Time-warping is similar to magnitude-warping, but it scales data points along the time direction (x-axis). Specifically, we first generate a vector of factors

λ = [λ_{0}, λ_{1}, \dots, λ_{T - 1}]

in the same way as for magnitude-warping, then calculate the scaled cumulative sums of factors and obtain a vector

λ^{'} = [s λ_{0}, s (λ_{0} + λ_{1}), s (λ_{0} + λ_{1} + λ_{2}), \dots, s (λ_{0} + λ_{1} + \dots + λ_{T - 1})]

, where

s = (T - 1) / (λ_{0} + λ_{1} + \dots + λ_{T - 1})

. By using

λ^{'}

(as timestamps) and original prices, new (horizontally scaled) data points can be generated, as shown in red in Figure 7. The final augmented prices are evaluated by applying linear interpolation at the original timestamps

[0, 1, \dots, T - 1]

. The introduced procedure is formulated as:

\begin{matrix} \tilde{X} & = [L (0), L (1), \dots, L (T - 1)], \\ L (i) & = x_{i} + (i - λ_{i}^{'}) \frac{x_{i + 1} - x_{i}}{λ_{i + 1}^{'} - λ_{i}^{'}}, i = 0, 1, \dots, T - 2, \\ λ^{'} & = [λ_{0}^{'}, λ_{1}^{'}, \dots, λ_{T - 1}^{'}] \end{matrix}

(12)

where

\tilde{X}

represents the augmented data,

x_{i}

is the original data of time i of the window, and L indicates the linear interpolation function formed by the scaled timestamps

λ^{'}

and the original data

X = [x_{0}, x_{1}, \dots, x_{T - 1}]

.

Crop-and-resize method cuts the original window to a shorter one and then makes it as long as before by interpolating new data points in it. To implement this, we first linearly interpolate between every pair of adjacent data points in the original window with length T, resulting in

T - 1

intermediate values and a new window with length

2 T - 1

. Then we randomly select a sub-sequence with length T from the new window, and use it as the augmented data. This yields to

\begin{matrix} \tilde{X} & = [w_{i}, w_{i + 1}, \dots, w_{i + T - 1}], i \sim U (0, T - 1) \\ w_{j} & = \{\begin{matrix} x_{\frac{j}{2}} & if j is even \\ \frac{1}{2} (x_{j - 1} + x_{j}) & if j is odd \end{matrix}, j = 0, 1, 2, \dots, 2 T - 2 \end{matrix}

(13)

where

\tilde{X}

represents the augmented data,

x_{i}

is the original data of time i of the window, and

w_{i}

indicates the ith data points in the new window.
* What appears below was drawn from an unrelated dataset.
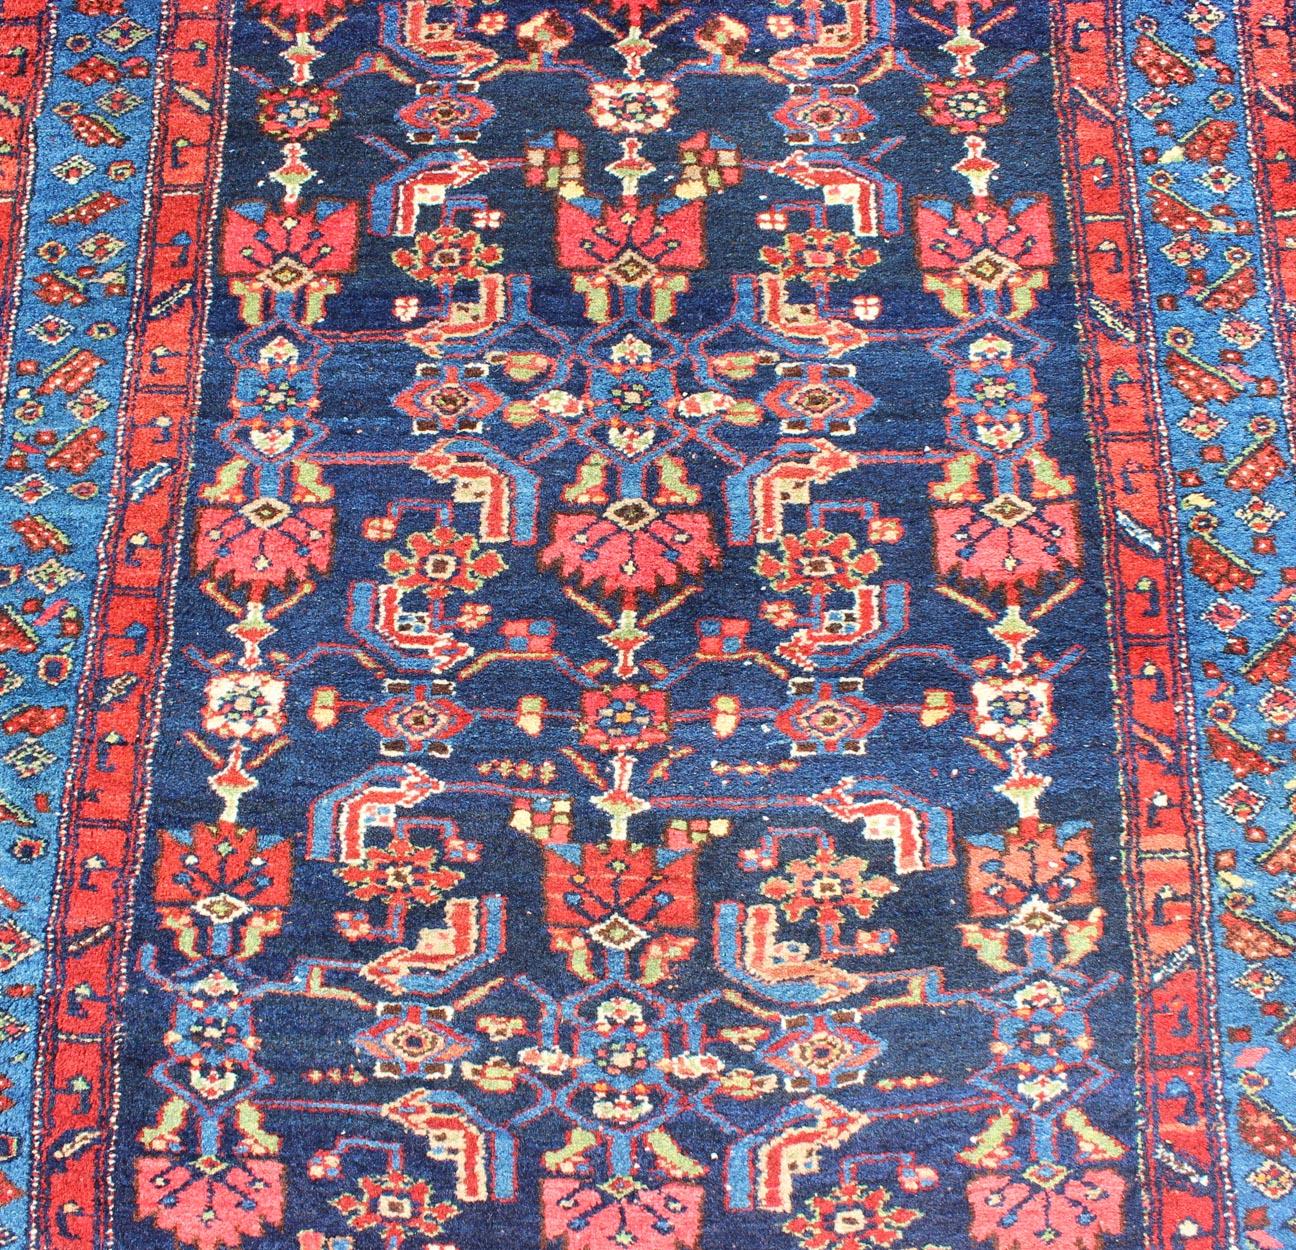 Mid-20th Century Complex Geometric Design Hamedan Vintage Runner from Persia in Multi-Colors For Sale

Smoothing is a method to remove noise and shows trends in the data. For each point in a window, we calculate the Gaussian kernel function values of it and its −2/+2 neighbors, and then take the weighted average of those data points. The process can be described by

\begin{matrix} \tilde{X} & = [z_{0}, z_{1}, \dots, z_{T - 1}], \\ z_{i} & = r_{2} x_{i - 2} + r_{1} x_{i - 1} + r_{0} x_{i} + r_{1} x_{i + 1} + r_{2} x_{i + 2}, \\ r_{j} & = \frac{pdf (j)}{pdf (0) + 2 pdf (1) + 2 pdf (2)}, \\ pdf (j) & = \frac{1}{\sqrt{2 π σ^{2}}} \exp (- \frac{1}{2 σ^{2}} j^{2}), σ \sim U (1, 2) \end{matrix}

(14)

where

\tilde{X}

represents the augmented data,

x_{i}

is the original data of time i of the window. When calculating z’s, if there are not enough neighbors at left (or right), then we extend the input by replicating the existing leftmost (or rightmost) neighbor.

4. Experiments

In this section, we provide the details of data collection and models implementation and also evaluate our proposed model on Bitcoin bubble forecasting, and compare its performance with other machine learning and deep learning models.

4.1. Data

The data contains Bitcoin daily closing prices covering the period from 17 September 2014 to 17 September 2022 totally including 2923 time points, downloaded from Yahoo Finance. The target labels of drawdowns are determined by applying the Epsilon Drawdown Method with the expression

ϵ = ϵ_{0} σ (ω)

, where

ϵ_{0}

controls the number of standard deviations up to which counter-movements are tolerated, and

ω

determines the time scale on which the standard deviation is estimated. We perform a grid search over a predefined search space of

(ϵ_{0}, w)

-pairs, scanning

ϵ_{0}

with a step size of 0.1 from 0.1 to 5 and

ω

with a step size of 5 days from 10 to 60 days. Thus, there are in total 550 grid points. For each

(ϵ_{0}, w)

-pair, a set of peak dates

t_{p}

is recorded. After obtaining the 550 set of peak dates, we count the number of times that each date was identified as a peak day, and divide the count by 550 to obtain a fraction

p_{t}

. By filtering peaks with

p_{t} > 0.65

and drop percentage > 20%, we obtain a total of 21 peaks, summarized in Table 2. The bitcoin historical prices of the whole selected period are visualized by the Figure A1,Figure A2,Figure A3 and Figure A4 in Appendix A.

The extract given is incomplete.